Though Mile 22’s premise is appealingly simple, and undoubtedly could have worked, it’s shackled to a movie that makes terrible choices at every turn.  The movie repeatedly tells us, but never shows us, that Silva is a genius-level intellect; Wahlberg, for his part, talks really fast.  The action sequences, with the exception of criminally few Uwais fight scenes, are forgettable shoot-outs.  And the plot, structured around a framing device of Silva’s post-mission debriefing, is incomprehensible.  The whole thing is so thoroughly bereft of fun that I have trouble accepting it was made by the director of The Rundown.

4. Ralph Breaks the Internet

ralph breaks the internet

Though it has some decent jokes in its first act, this sequel succumbs to some of the worst modern trends in family entertainment.  Cringeworthy regurgitations of internet memes, lazy meta-comedy, and ersatz subversiveness are the order of the day in this punishingly long kids’ movie; which lacks the charm and novelty of its predecessor.  But Ralph Breaks the Internet’s vilest quality is its pimping of all things Disney, going as far as to interrupt the story for what amounts to an extended advertisement for the company’s biggest franchises.  I’m not usually one to say this, but won’t somebody think of the children?

3. Action Point

action point

The hook of this Johnny Knoxville movie is that it features classic Jackass-esque stunts within a fictional, “original” story.  Though Action Point delivers the wince-inducing spectacle of real-life bodily harm, as well as a few chuckles, the narrative it’s pinned to is one of the laziest, most insubstantial pieces of screenwriting I’ve seen in a while.  Save yourself the boredom and watch the highlights on Youtube.

2. Under the Silver Lake

under the silver lake

This comedy/mystery/conspiracy thriller deserves credit for its ambition and little else.  The story follows Sam (a mannered Andrew Garfield), a 33-year-old Los Angeles slacker who has no job, beats up children, and is regularly chided for his bad body odor.  Our hero, ladies and gentlemen.  After Sam’s beautiful neighbor (Riley Keough) suddenly disappears, he dedicates himself to finding out what happened to her, embarking on a search that takes him across the city and encountering all manner of Angelinos along the way.  It’s like The Big Lebowski without the charm, laughs, or coherence.

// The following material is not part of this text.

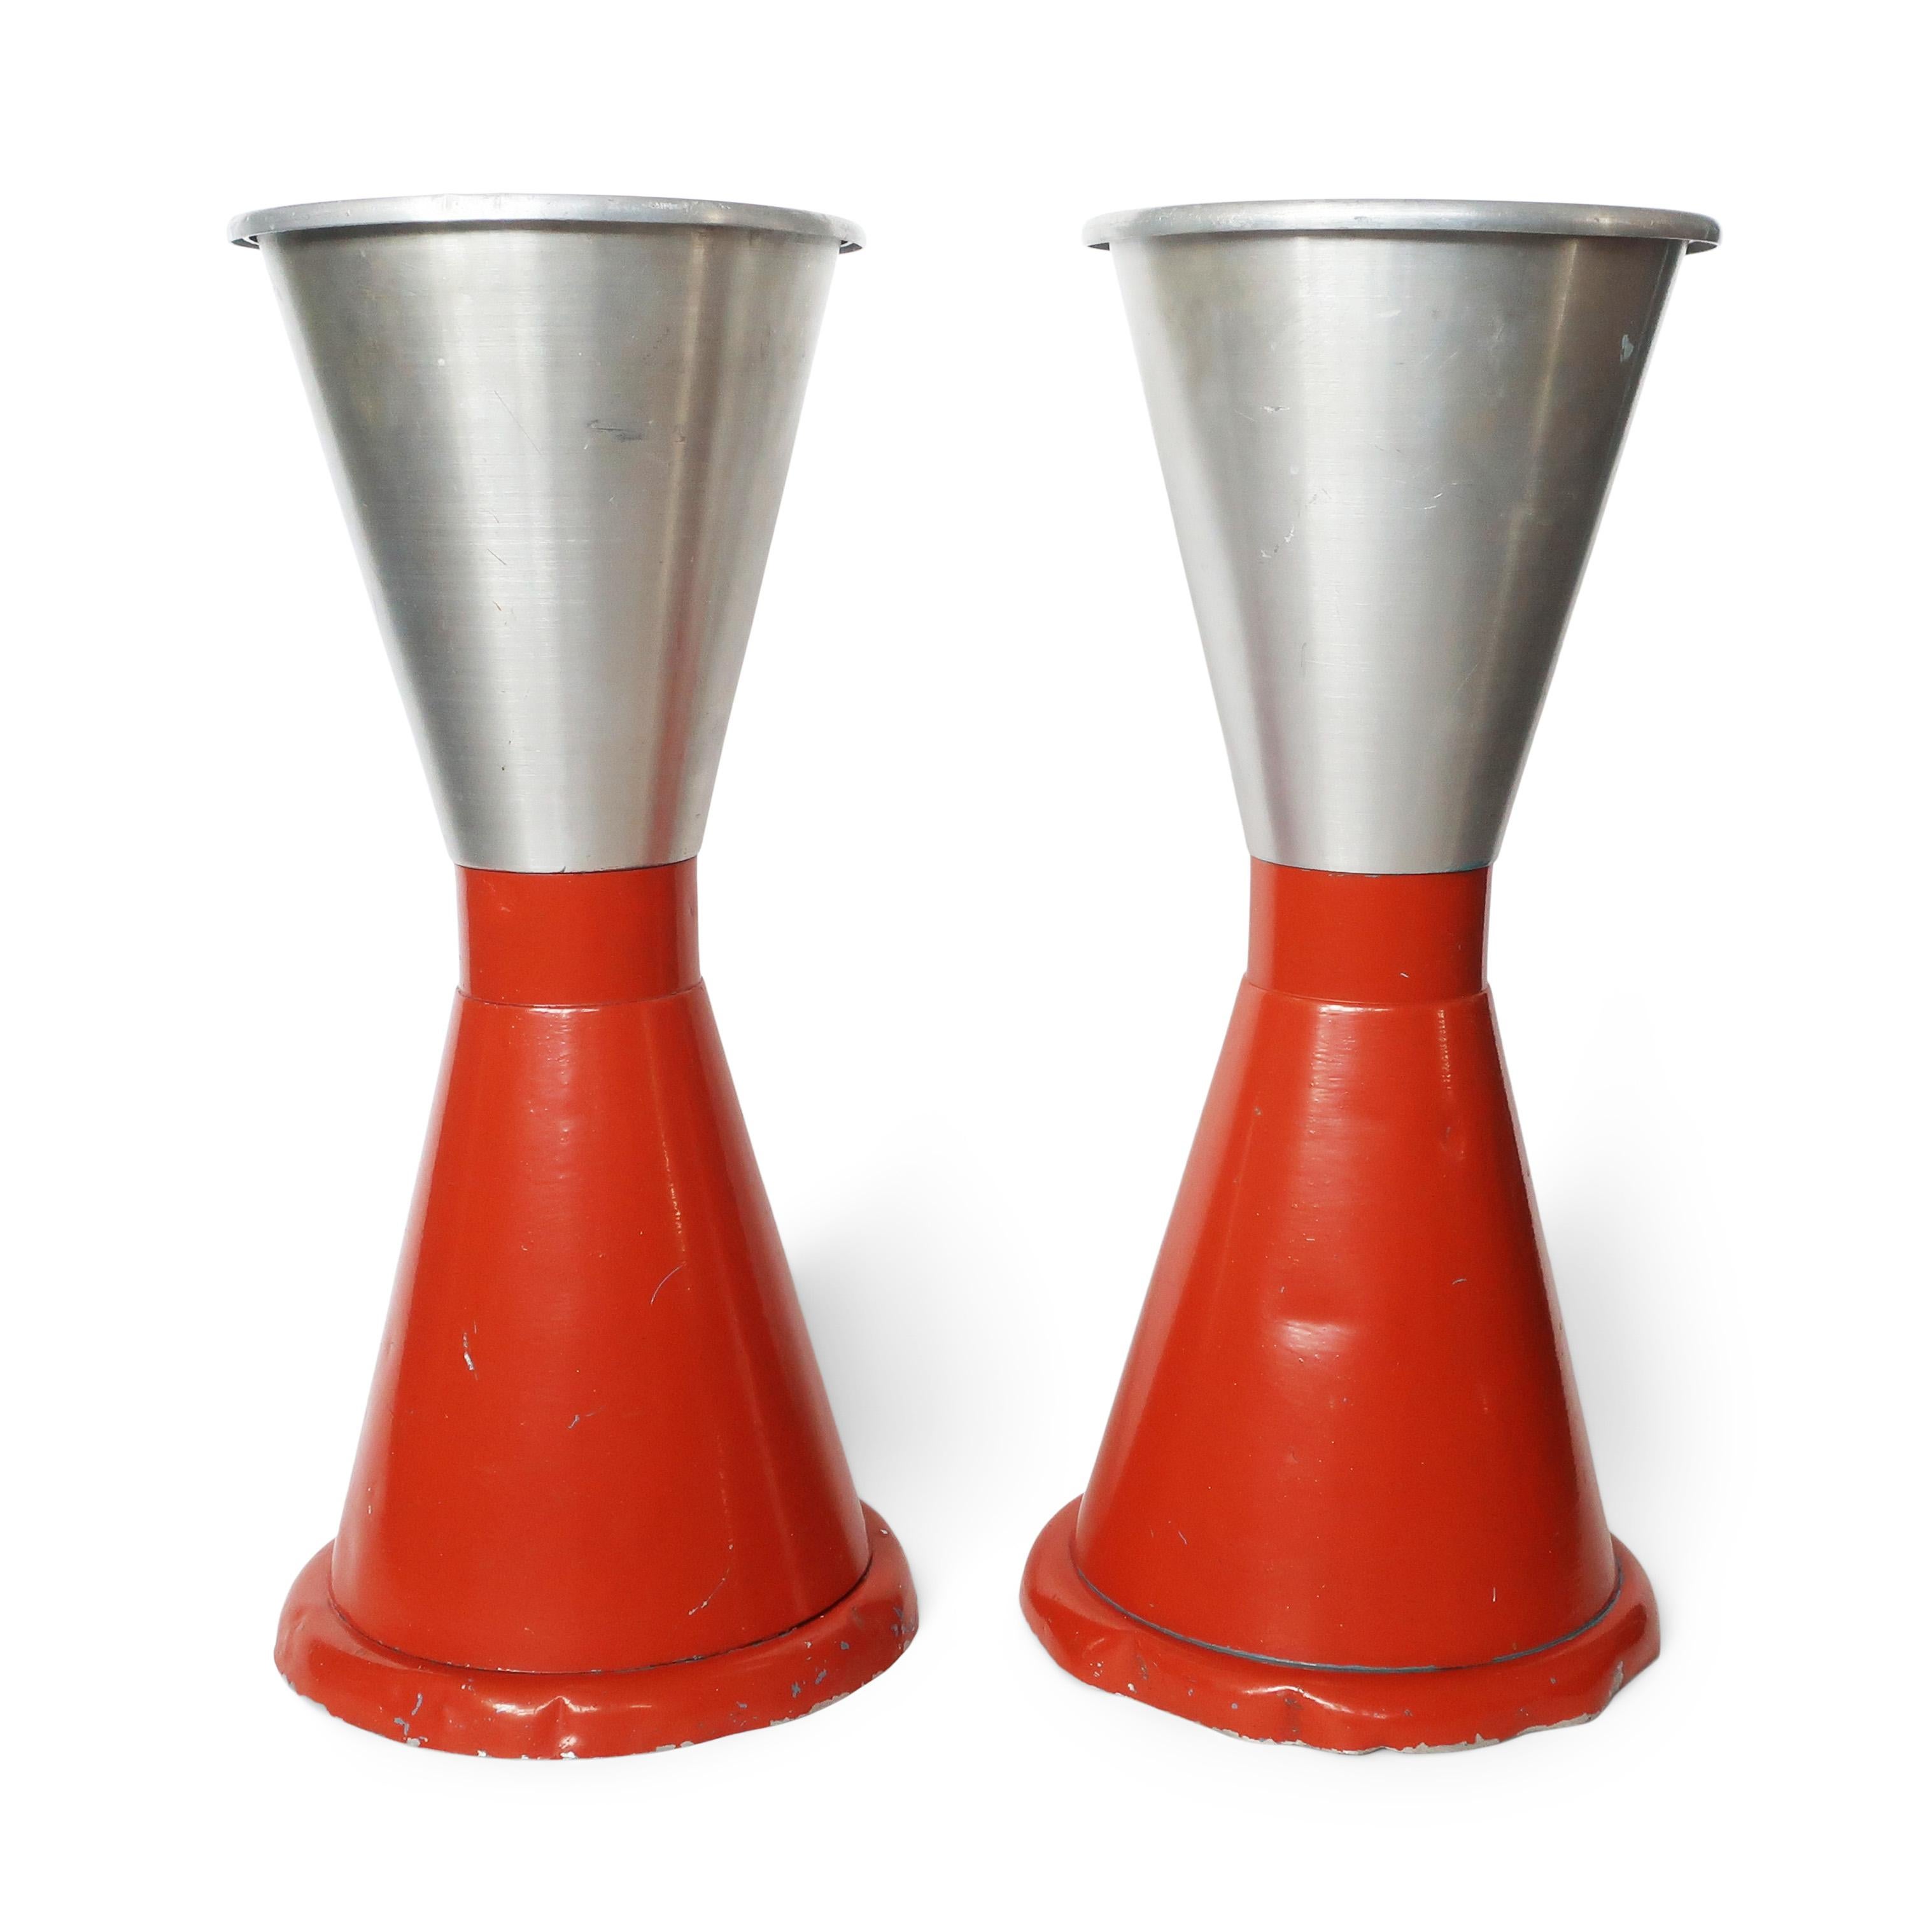 A sensational pair of Art Deco or early mid-century modern standing ashtrays.  Hourglass shaped with an orange enameled base, aluminum top, and original removable chrome trays that collect accumulated ash.   Subtle and minimalist yet full of

Under the Silver Lake is a meandering, pretentious mess; full of idiotic whimsy, jarring tonal shifts, and meaningless detours.  Tragically, it has exactly one great scene toward the end, which is the only time the movie is able to successfully execute its vision; and even then it’s capped with an misjudged coda.  I still have hope for David Robert Mitchell, who I will choose to think of as the director of It Follows, not the director of this tripe.

1. The Cloverfield Paradox

Cloverfield paradox

This schizophrenic mishmash of genres is an irredeemable shambles which doesn’t even have the decency to be enjoyably bad.  Read my review for more.

 

Dishonorable Mentions

Hell Fest:  As forgettable as it is cliché, Hell Fest can’t even manage to have fun going through the slasher motions.  Read my review for more.

Pacific Rim: Uprising:  Guillermo del Toro’s imagination is sorely missed in this inferior sequel, which is equally lacking in star power and thrills.

Skyscraper:  All I wanted from this Dwayne Johnson Die Hard rip-off was mindless fun, but it fails to clear even that low bar.